Common area of interest in today’s environment where several articles published by analysts talks about a concept of “Virtual Data Warehouse“, which is also referred to as “Logical Data Warehouse” in many cases. This is referred to as the next logical step in evolution of data warehouse environments (DWE).
Conceptually, this is an extension to “Data Virtualization” from a technical point of view. A traditional data warehouse environment extensively used ETL tools to fetch and update the data warehouse constantly. Consider a data warehouse platform, which holds only the meta data (i.e. definition of data) layer without holding any actual data. Within this meta data layer interface, developer and users alike will have access to enterprise wide data irrespective of the source system or technology stack. Developers design and publish data models & reports for different requirements whereas users consume the data. Virtual “meta data layer” takes care of fetching, applying business rules and processing the data for final reports.
Some key items to be kept in mind while taking the “Virtual” route to data warehouse implementation
- Push down Operations – Processing logic cannot be delegated to the source systems at all times. In many instances partial results have to be collated and processed within the virtualization layer. Consider an example where a rank of Top 10 products for Top 10 Locations is required. The measures can be only aggregated in source system level, whereas the sorting and ranking operations are done in the virtualization layer.
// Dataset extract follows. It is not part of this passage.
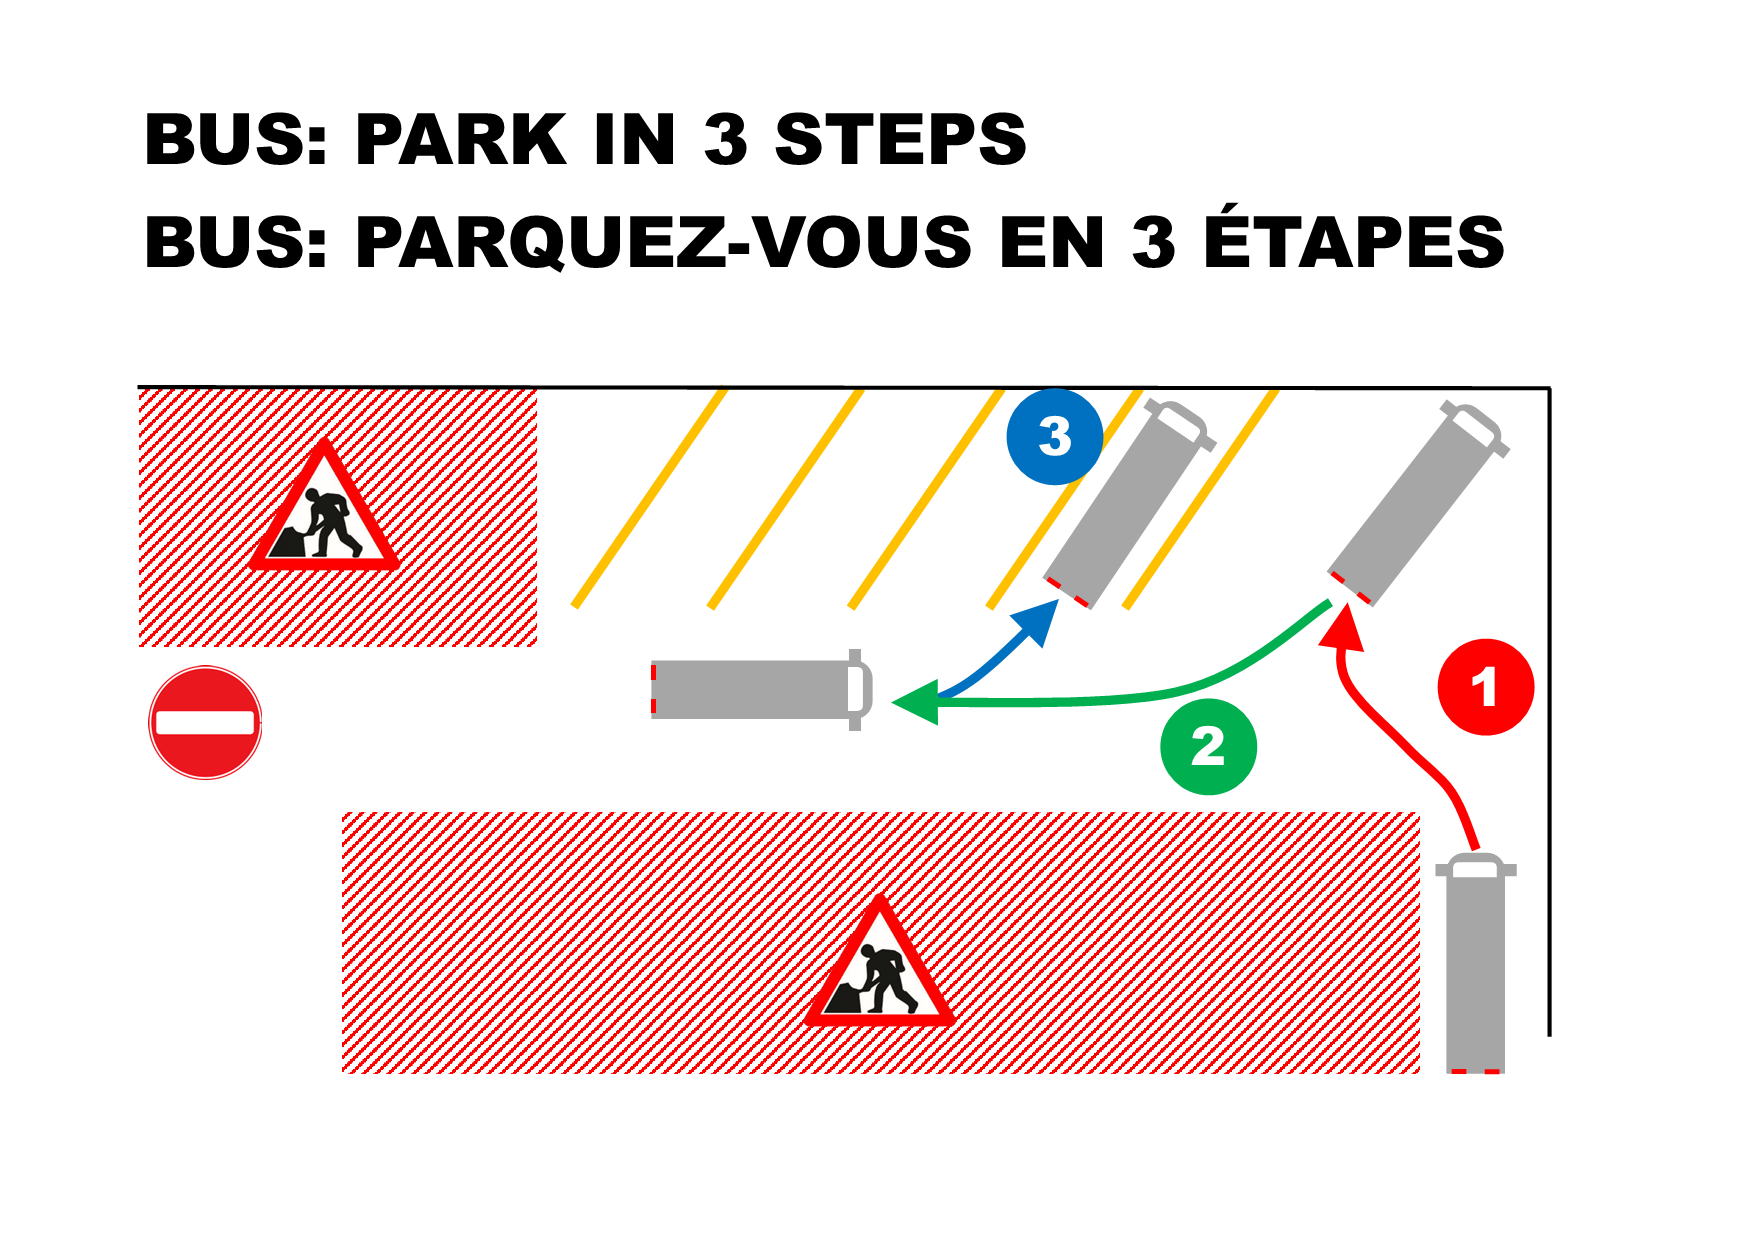 Bus parking 3 steps procedure

- Data Quality – Traditional Data Warehouse environments strive to be the “Single source of truth” by implementing several Data Quality initiatives. This is pretty much Non-Existent in virtual data warehouse scenarios. One has to embed the entire data quality logic within the meta data layer or ensure at source system is governed very well. A simple example, wherein two source systems use two date formats i.e. ISO (YYYYMMDD) and US (MMDDYYYY), but the report requires Indian format (DDMMYYYY). Here, the date format cannot be harmonized to a single standardized format, instead conversion has to be performed at all times.
- Security – A heavy dependency is created with all source systems involved in the data warehouse environment. Data security can be implemented at different levels for the same user in different source systems. In some instances, DW users will not have access to all source systems e.g. Accounting Executive vs Reporting Analyst to a Financial system. Data security has to be implemented wholly in the Meta Data layer, but when it comes to synchronizing with other systems the complexity increases exponentially. (NOTE: Some applications today bypass this by using a generic user-id as background connection that has full access to the individual systems back end data.)
- Business Logic – Any piece of code written, irrespective of size and complexity is executed every time at run-time. This additional logic adds to overall processing overhead. If requirements are complex and data volume is large, it will drain the system and bring down performance drastically. The business logic implementation is moved to the source systems, the overhead has just be passed on to the transactional system. Irrespective of the complexity of task e.g. Conversion to upper case VS lookup against cross reference tables, every line of code included to implement business logic has a inverse effect of performance.
- Historical Data – A traditional data warehouse does not retire data. All historical data is retained for analytical needs. Transaction processing system on the contrary archive old data and keep only the “near past” information. This is done in order maintain performance of these transaction processing systems. Scope of data retrieval of an analytical query cannot be predicted due to nature of complex reporting requirements. If source systems do not maintain full history, it directly affects the usability of the data warehouse.
- Performance – Data warehouses have very large data volumes by design, in the order few million to couple of hundred million records. In order to keep performance top notch, summary tables are built on top of the warehouse that are used first and based on user needs, actual detailed data in data warehouse is accessed. It should not be a surprise to note that in real world, around 80% of analytical queries access the detailed data. Working with very large data sets in a virtualized environment will have impact on all items mentioned above.
Conclusion: Virtual Data Warehouse is not mature technology for adaptation in today’s scenario. Hardware and application technology has progressed, but there are several tangible and tacit areas such as Data Quality, Real-Time Reporting, Data Normalization, Business Rules Logic, Changing Dimensions and being Single Source of Truth for reporting to name a few that has to be addressed. Hybrid approach is feasible, which is the path enterprise BI is taking currently. In hybrid approach, the data lineage and business logic is analyzed thoroughly and classified into virtual or materialized data. Data to be materialized are replicated using ETL methods and virtual data is accessed virtually.
SAP HANA provides an option to synchronize via data virtualization with other databases using Smart Data Access interface. SAP BW provides an option called Open ODS views that is a virtual definition without actual data. SAP Business Objects implements this concept through "Information Design Tool", which is the meta data layer. All these above tools are in production environments today albeit the scope is limited.